The petitioners’ core argument was that the copper-colored roof violated the Architectural Guidelines because it was a “reflective surface,” which they believed was forbidden. On the surface, this seems like a straightforward complaint.
However, the HOA mounted a successful counter-argument based on document structure. The Administrative Law Judge agreed with the HOA’s interpretation. The rules for roofs were addressed in a distinct section titled “Roofs, Materials, and Pitches.” The ban on “reflective surfaces,” meanwhile, was located in an entirely separate section, “Exterior Appearance and Colors,” which also contained rules for windows and doors. This seemingly minor structural detail was the deciding factor on this point.
The exact rule the petitioners cited, found in the “Exterior Appearance and Colors” section, illustrates the point perfectly:
Clear aluminum window and doorframes are not permitted, nor are reflective surfaces.
Because this prohibition was not located in the roofing section, the judge concluded it applied only to windows, doors, and general exterior surfaces—not roofs. This case highlights that homeowners must read their community documents with extreme care. A prohibition you think is universal might, in fact, be limited to a very specific context by its placement in the text.

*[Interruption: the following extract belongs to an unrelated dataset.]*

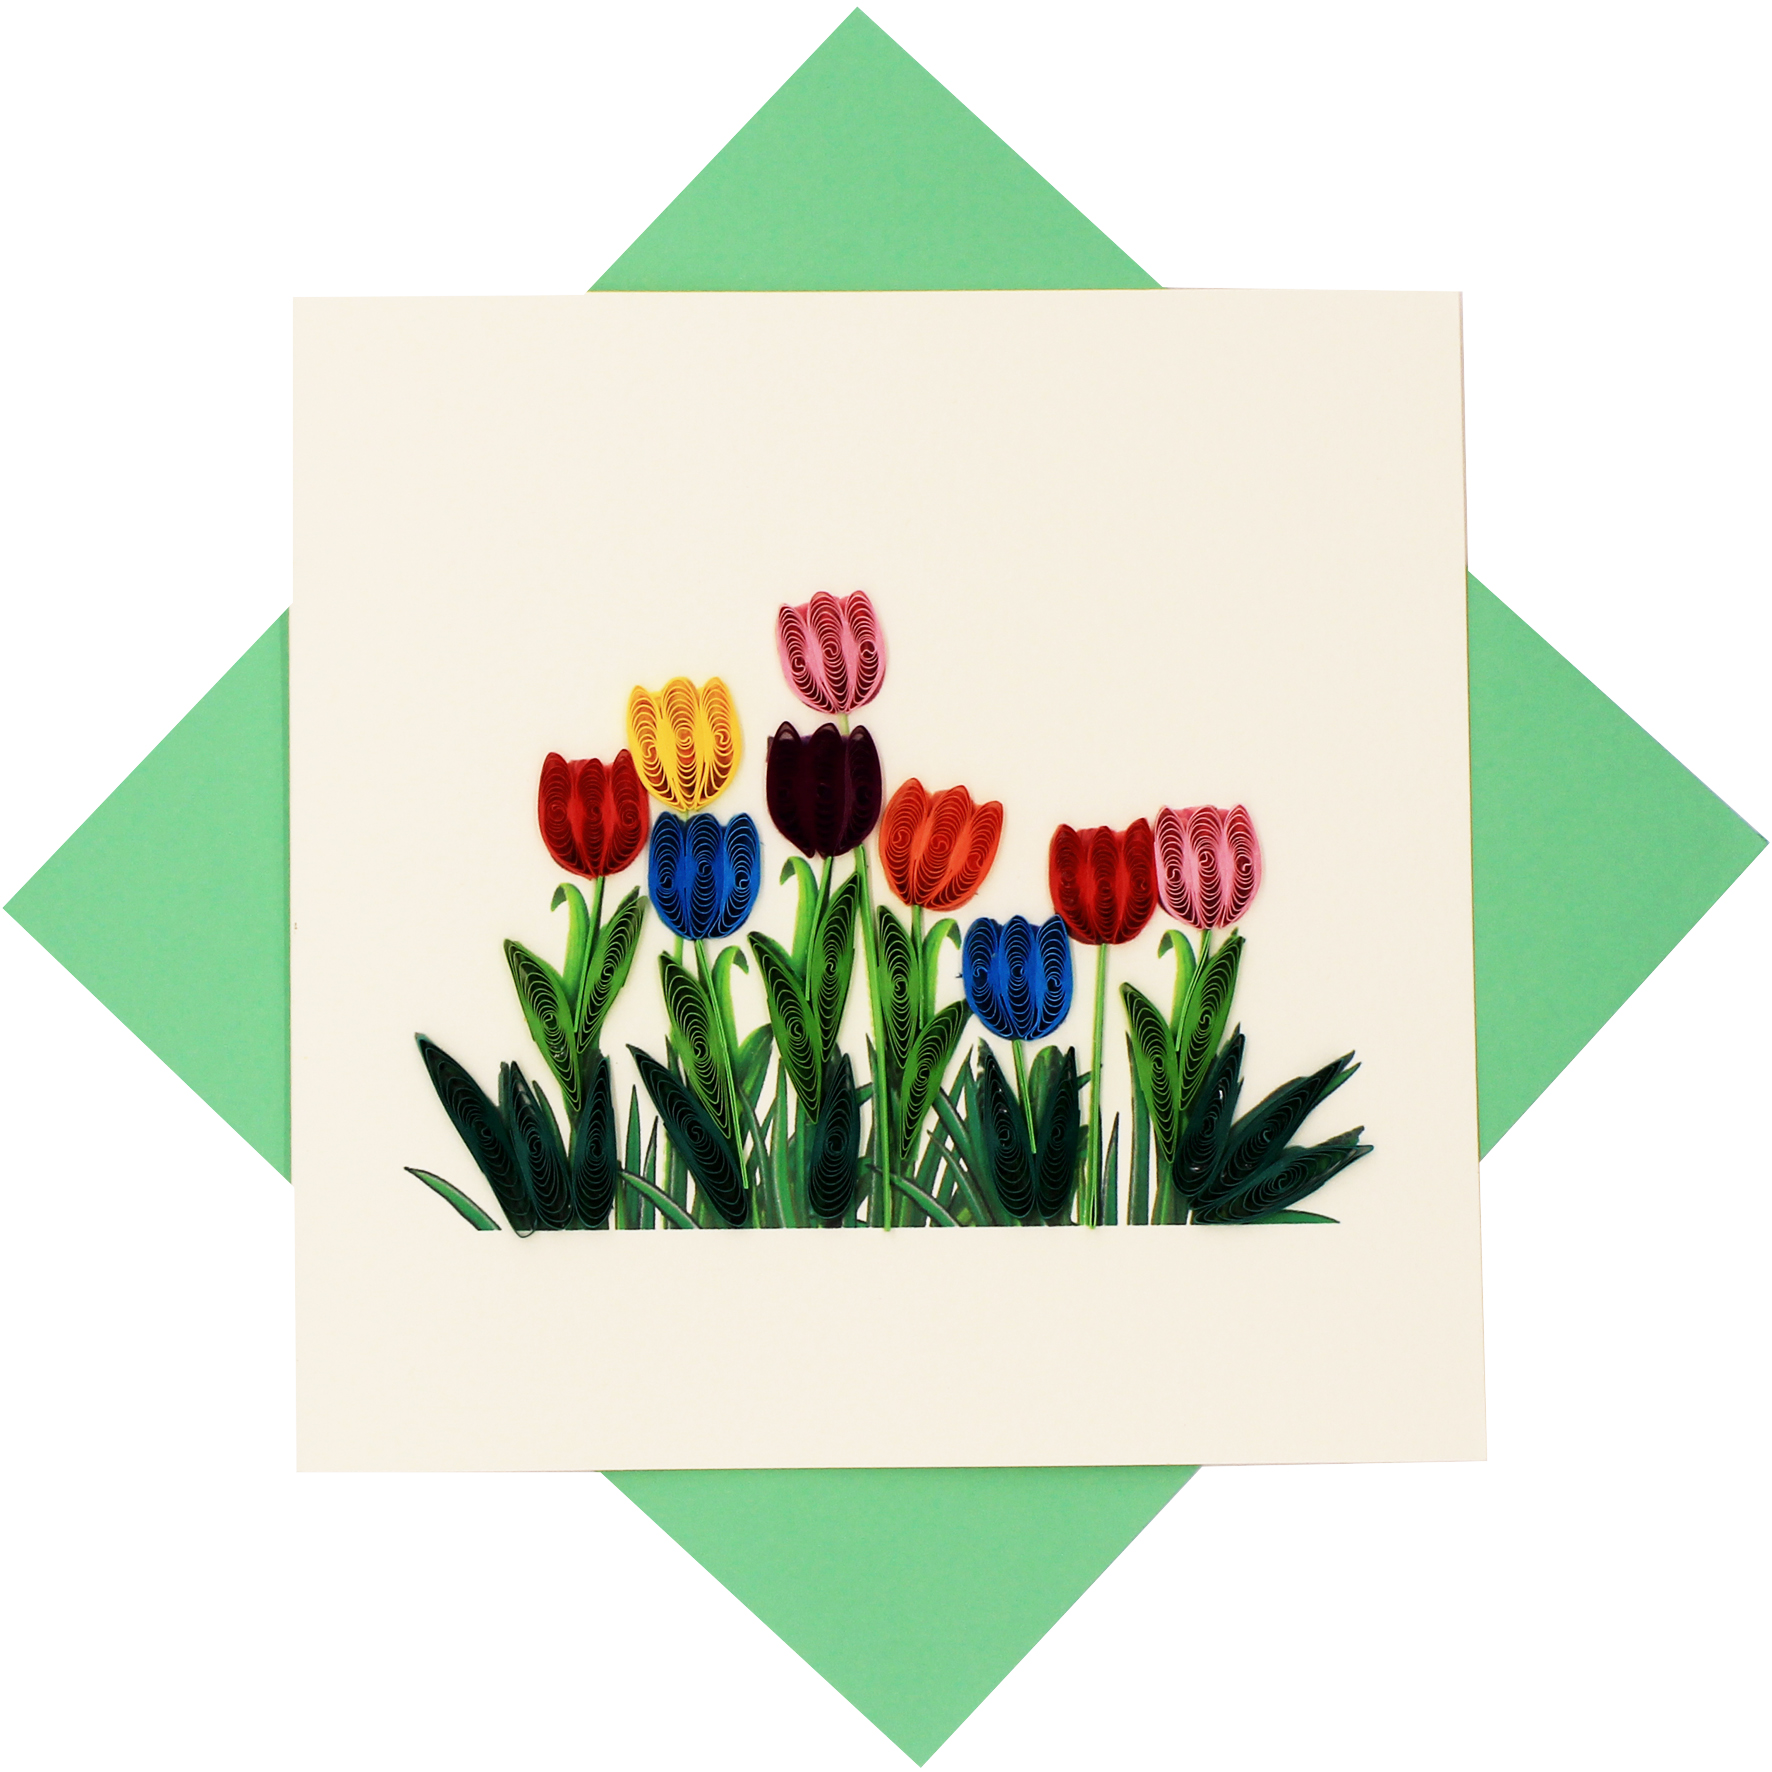 Thiệp Chúc Giấy Xoắn Thủ Công (Quilling Card) Hoa Tulip - Tặng Kèm Khung Giấy Để Bàn

2. The Power of Precedent: What Your Neighbors Did Years Ago Matters Today
The second key takeaway is that an HOA board’s decisions can be heavily influenced by the character of the surrounding area, not just by what has been approved inside the development’s gates.
During the hearing, the HOA presented evidence of other reflective metal roofs, including green and red ones, that existed in the broader Pinetop Country Club area. Starwood Estates is part of this larger community, and the judge’s official findings noted this evidence, which significantly supported the HOA’s position to approve the Martins’ copper-colored roof.
This reveals a nuanced lesson: an HOA doesn’t exist in a vacuum. Once a certain style or material becomes common in the surrounding region, it can establish a de facto community standard. This makes it significantly more difficult for other homeowners to argue against a similar request, as the board can point to the broader neighborhood aesthetic to justify its decision. Before you challenge a project, it’s crucial to look not only at what has been approved within your HOA, but also at the character of the community at large.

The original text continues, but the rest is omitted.